The fourth volume of the present Travaux contains the well known “Projet de terminologie phonologique standardisée” (pp. 309—322). Some of its introductory definitions will have our attention. They run as follows:
“Phonème. . . — Unité phonologique non susceptible d’être dissociée en unités phonologiques plus petites et plus simples “Unité phonologique. . . — Terme d’une opposition phonologique quelconque.
“Opposition phonologique. . . — Différence phonique susceptible de servir, dans une langue donnée, à la différenciation des significations intellectuelles.
The definitions just quoted have so far been accepted without any discussion.1 And yet, what has been dealt with by the phonologists as “phonemes” and “phonological units” in their practice, i.e. in phonological descriptions of various languages and idioms, does not correspond to what is implied by the definitions of the Projet, if they are carefully considered and consistently developed.

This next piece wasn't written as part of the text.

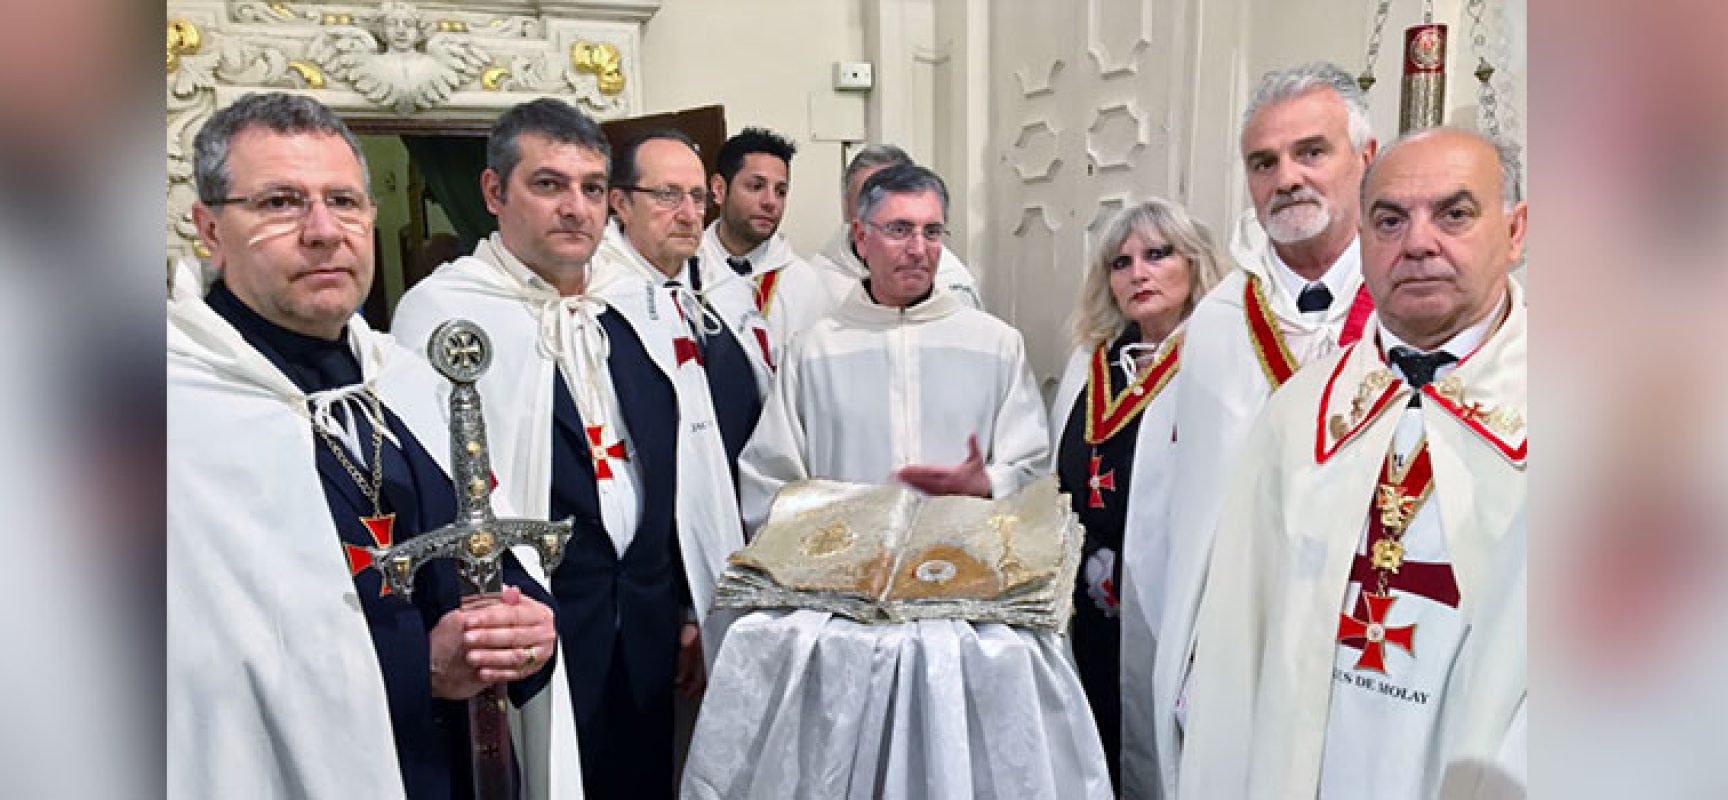 A Bisceglie l’incontro Storico culturale “Sulle Tracce dei Templari in Puglia”

In proving this, we shall at first mutually confront the definitions as they have been quoted above.
The “phonological unit” is said to be the term of any phonological opposition. But the concept of the “phonological opposition” appears to be defined in the Projet more broadly than is usually realized by linguists. It covers namely not only oppositions as 1 : r in English low : row but also cases like bl- : gr- (in blow: grow), and even oppositions like hiɘr- : pɘteit (hero : potato), feim- : konšienš- (famous : conscientious): in all of the mentioned pairs of words we are faced with phonic differences responsible for the differences of intellectual meanings in English. A consistent application of the definitions contained in the Projet must, then, necessarily lead to the acceptance of bl-, gr-, hiɘr-, and even pɘteit-, feim-, and konšienš- as “phonological units”. None of the phonologists, as far as I know, has ever used the term in this broad sense. It is not surprising, because the term, as defined in the Projet, is so broad as to render it useless.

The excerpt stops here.